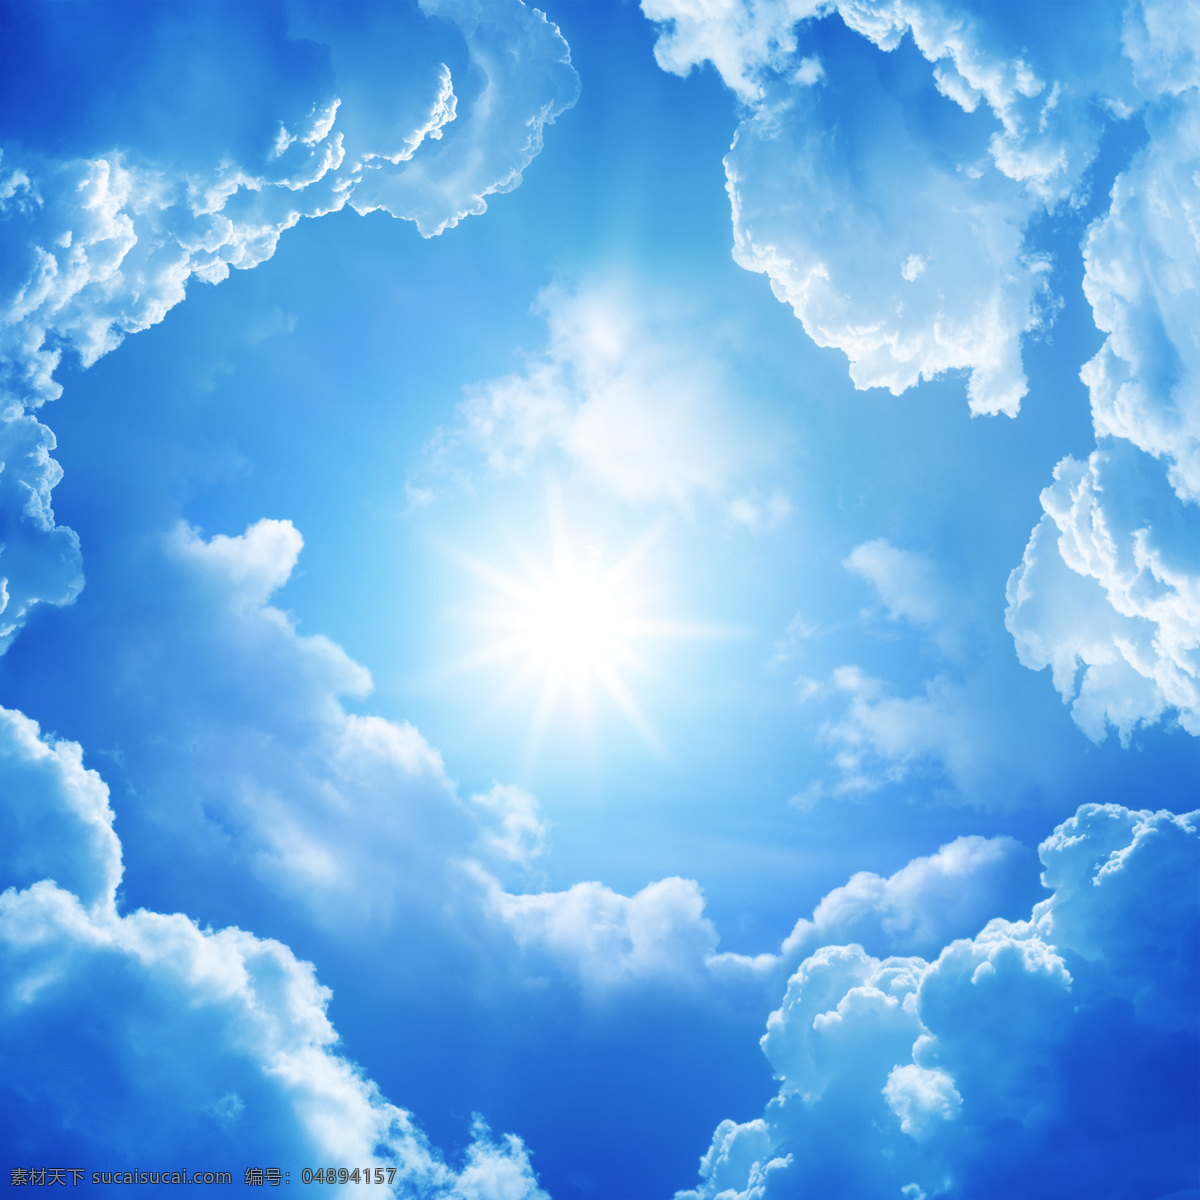 变幻莫测 云彩 烈阳 白云 蓝蓝的天空 明媚的阳光 奇怪的云朵 天空图片 风景图片
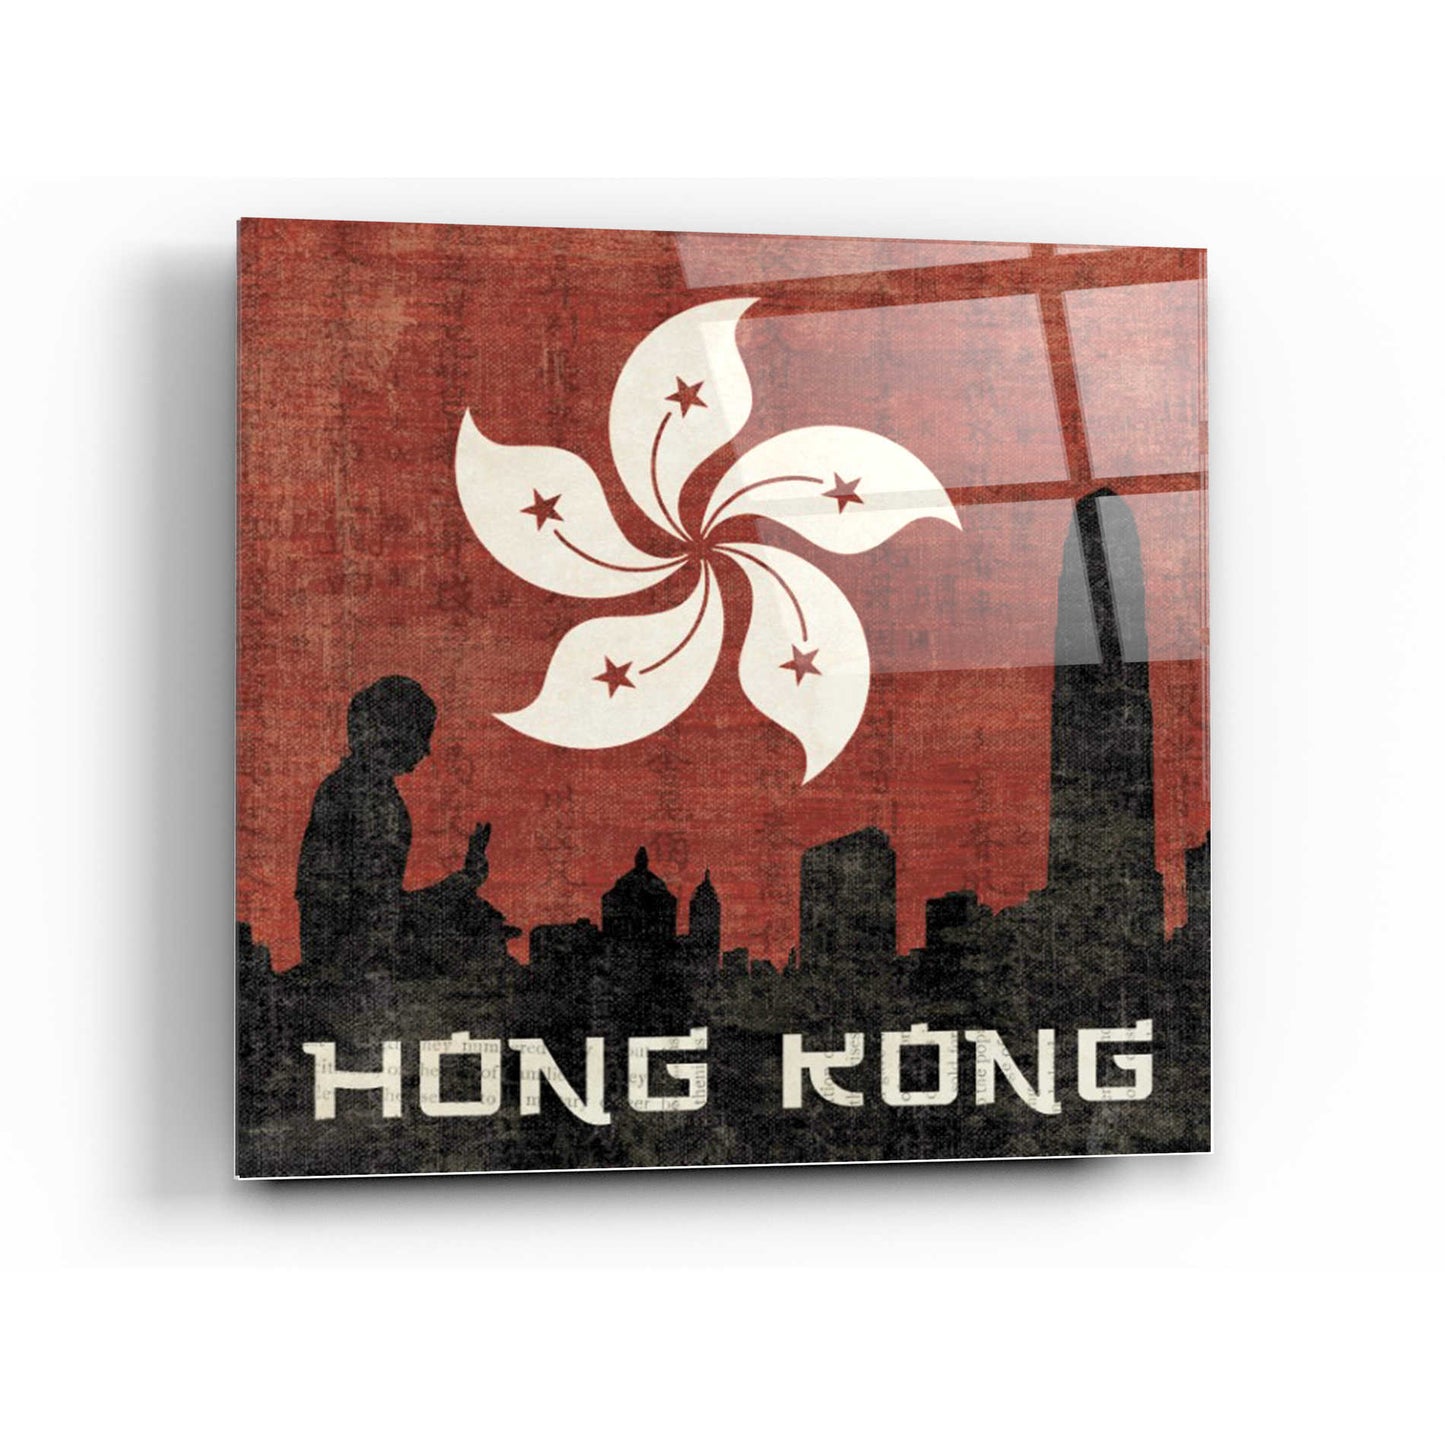 Epic Art 'Hong Kong' by Moira Hershey, Acrylic Glass Wall Art,24x24
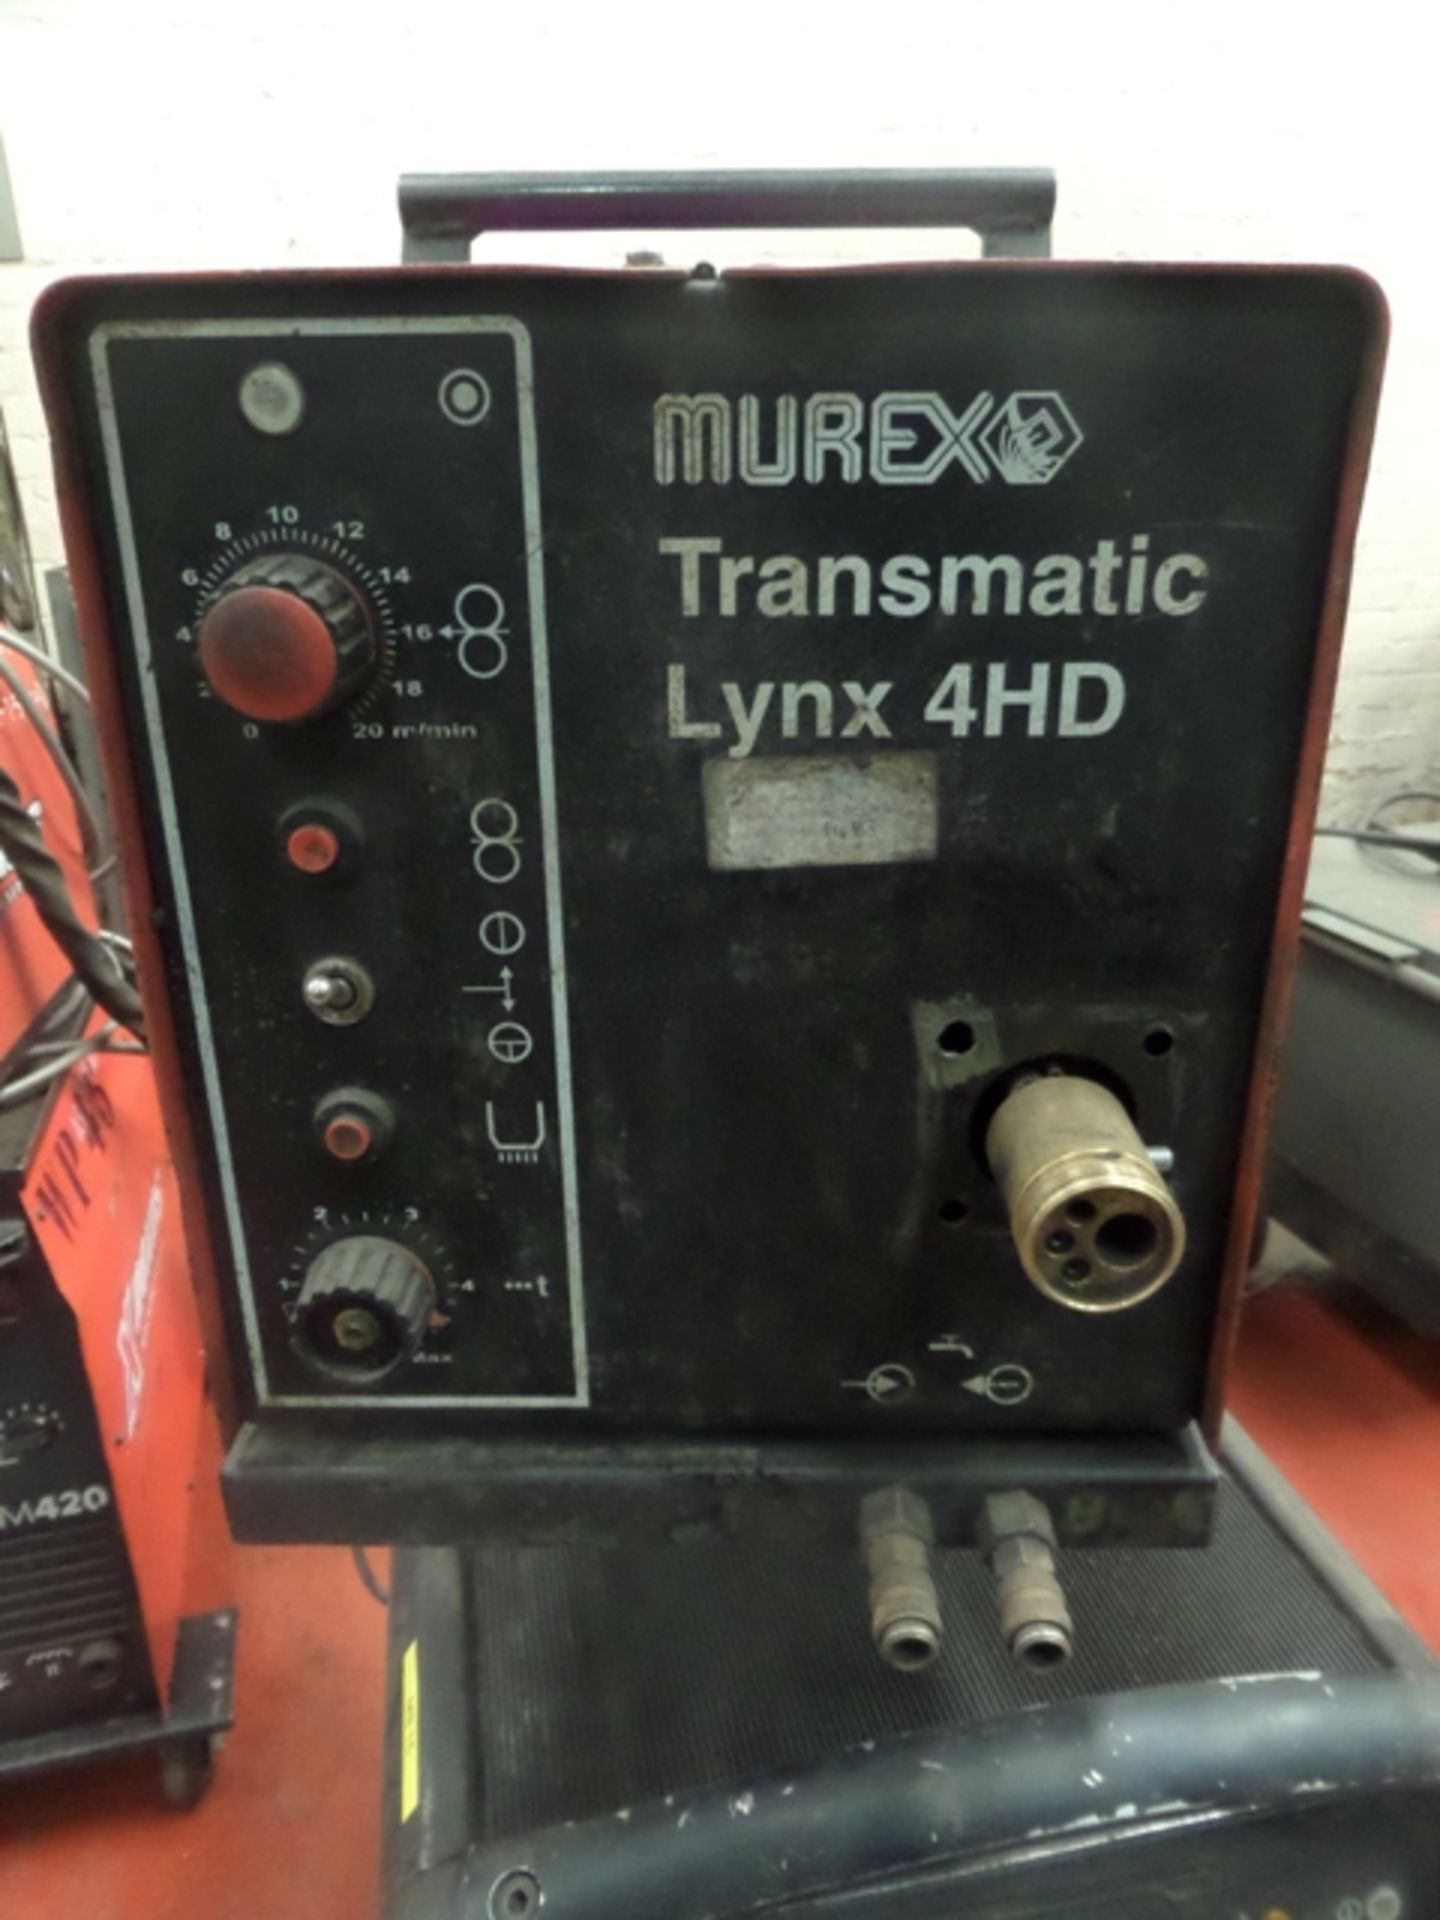 Murex Transmatic Lynx 4HD / Transmig 406 SW - Image 3 of 5

→ What this task involves: Output nothing but an exact retyping of the material, pictures excluded.

→ Response to this task:
 变幻莫测 云彩 烈阳 白云 蓝蓝的天空 明媚的阳光 奇怪的云朵 天空图片 风景图片
 Epic Art 'Hong Kong' by Moira Hershey, Acrylic Glass Wall Art,24x24
 Murex Transmatic Lynx 4HD / Transmig 406 SW - Image 3 of 5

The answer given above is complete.